In filings made public today, both C3SR and Georgetown Partners are still approaching the FCC with added information and reiterating their stances.


C3SR wrote a letter today that was similar to the letter they wrote after Sirius announced their subscriber numbers for 2007. In this letter, C3SR points out that XM Satellite Radio. The self serving letter is yet another embarrassment to C3SR and their attorneys as the points made are very one sided and the agenda is clear. In the letter they note:

“XM finished the year with 9,000,000 subscribers, and 18% increase over the 2006 subscriber base”

“XM, while reducing its yearly net loss, grew its total revenues for 2007 to an astonishing $1.1 billion”

C3SR then comes to the conclusion, based solely on these three metrics (subs, net loss, and revenue), that the entire argument for a merger should be erased.

Has C3SR or their attorneys even looked at these businesses? Do they comprehend the substantial costs that these companies need to operate. Do they understand that even with $1.1 billion in revenue that the company still had a loss for the year? Do they understand that already this year XM has borrowed over $180 million against credit facilities? Do they understand that even while these companies are not using a failing business argument for the merger that the DOJ will look at the businesses to measure chances of success?

C3SR states that competition with Sirius has not weakened XM. By what measure do they arrive at this conclusion? The growth of subscribers has slowed substantially, and is now reliant on the OEM channel, where 50% of those that get satellite radio in their car opt not to keep it. For both Sirius and XM the ramp up in OEM installs, which are subsidized by the SDARS companies, is the mechanism that is facilitating the growth. In simple terms, Sirius and XM are buying their growth at this point.

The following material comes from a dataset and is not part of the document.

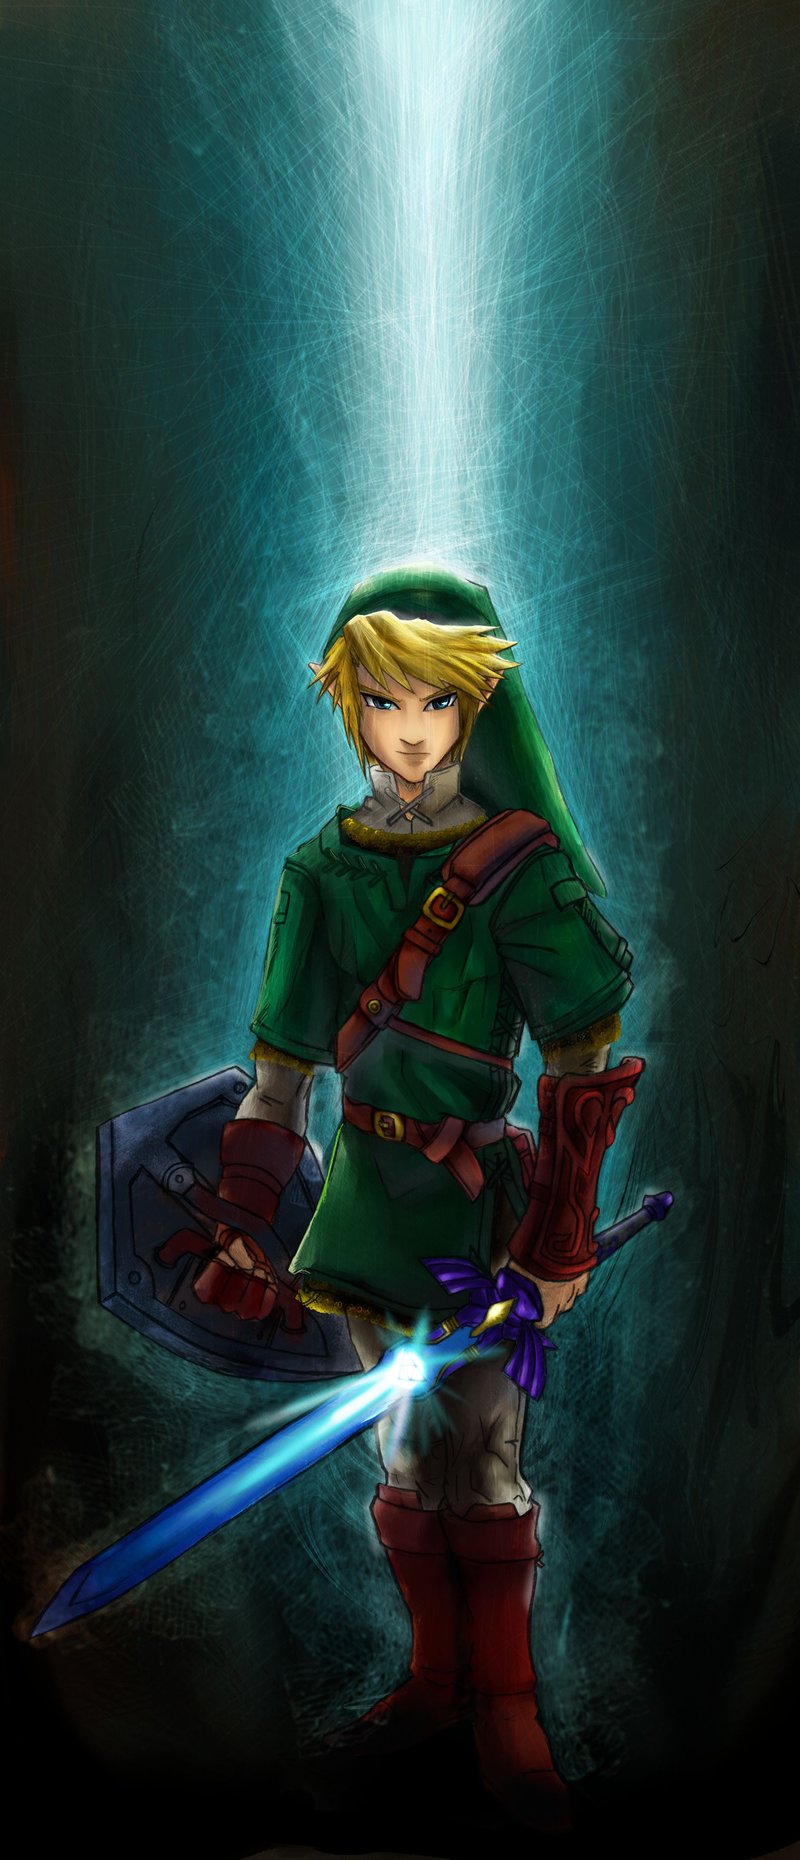 Legend of Zelda Art: Link - Gallery | eBaum's World

C3SR goes so far as to say that there is NO substitute for satellite radio. Again, what kind of fools do C3SR and their attorney’s take consumers and the FCC for? When 50% of those that get exposed choose not to subscribe to satellite, what does C3SR and Williams Mullen (the attorney) think that these people are listening to? Road noise?

What we have here is a group funded by the National Association of Broadcasters that is demonstrating that they do not understand the business, they do not understand the consumer, and they do not understand the audio entertainment landscape. Enough said.


In a filing today, Georgetown Partners stated that they have had yet another meeting with the FCC. This is the TWENTY-SECOND meeting that Georgetown Partners has had. They have yet to put anything concrete on the table. This latest meeting was with the legal council of Commissioner Adelstein.

Why is Davenport so secretive about his plans? Why is he afraid to put a proposal on the table? If he is so serious about this why wont he share his agenda? In my experience, when someone plays this coy for so long they are doing it because they are pulling the wool over someones eyes.

Davenport wants to ride coat tails. He is trying to get something for a cost well below the value. He wants to take away 20% of the of the company. If his quest was noble, he would state his terms in a more concrete manner. He would let the companies, and the shareholders of the companies see what he is putting on the table. He has done none of this, instead trying to acquire a stake through mandate.

Davenport……Find some courage and step up to the plate. Stop dancing and pontificating and get some details out there. Your insistence on hiding and playing peek-a-boo is a waste of everyone’s time and energy at this point. Lay your cards on the table. Twenty-two meeting with the FCC and not a stitch of detail!